_Problem to work on_: This exercise requires an exact output of the listing, images omitted.

_Dataset section_:
-=-=-=-=-
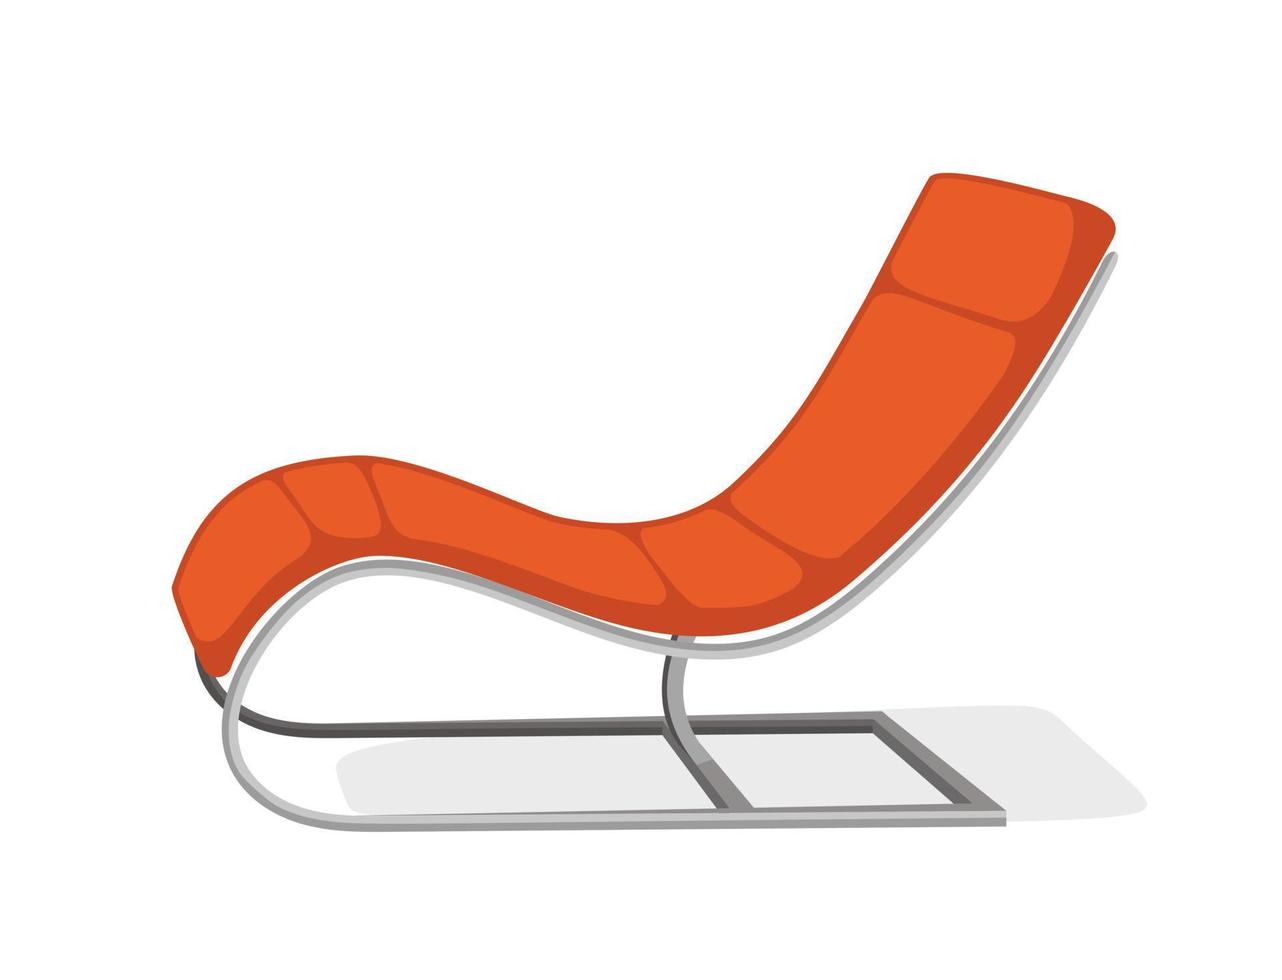 sillón sofá naranja muebles interiores modernos ilustración vectorial en un estilo plano aislado vector
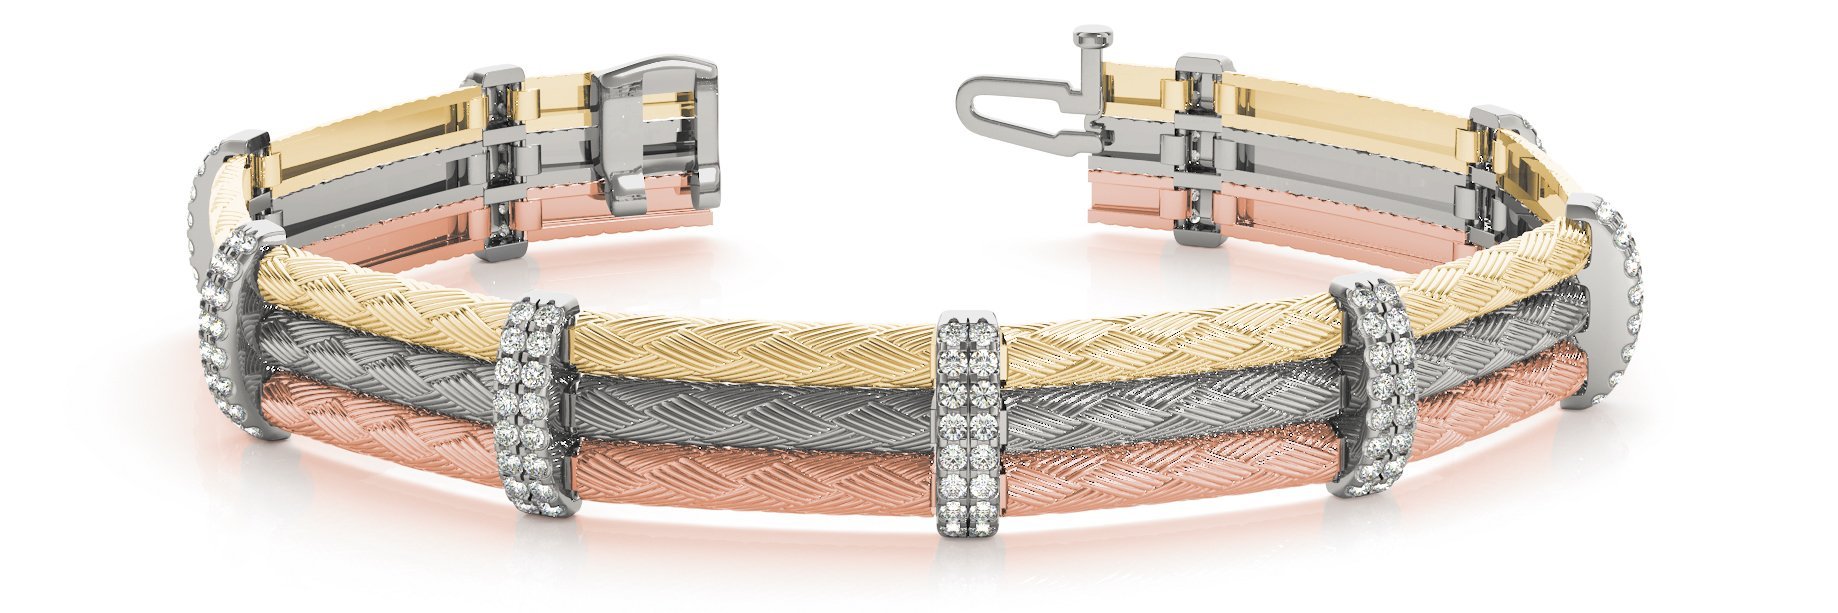 Fancy Diamond Bracelet Ladies 1.71ct tw - 14kt Gold
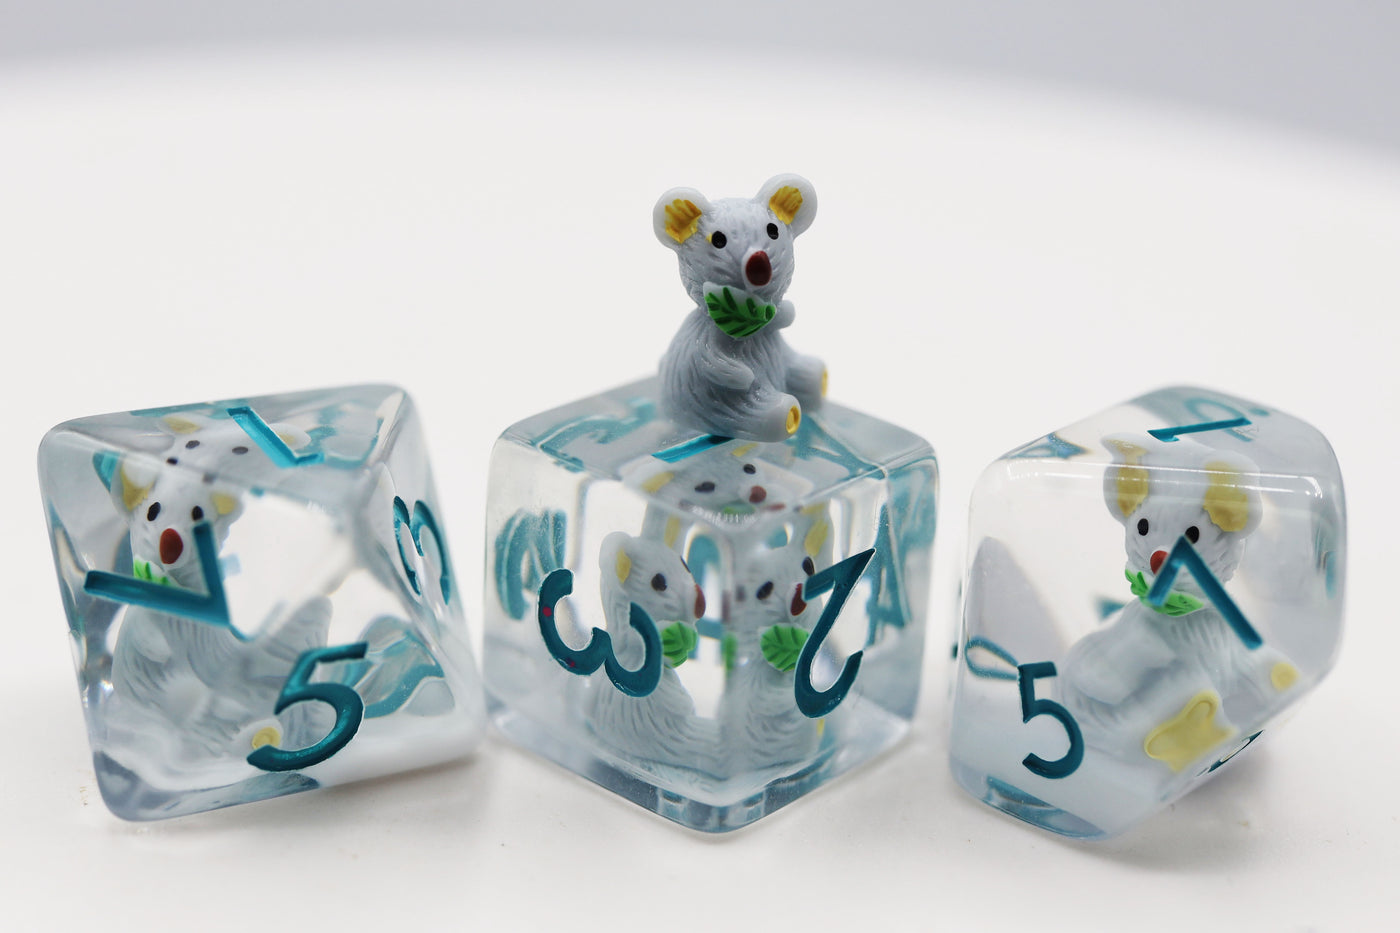 Koala RPG Dice Set Plastic Dice Foam Brain Games
-=-=-=-=-
_Exercise answer_:
 sillón sofá naranja muebles interiores modernos ilustración vectorial en un estilo plano aislado vector
 Fancy Diamond Bracelet Ladies 1.71ct tw - 14kt Gold
 Koala RPG Dice Set Plastic Dice Foam Brain Games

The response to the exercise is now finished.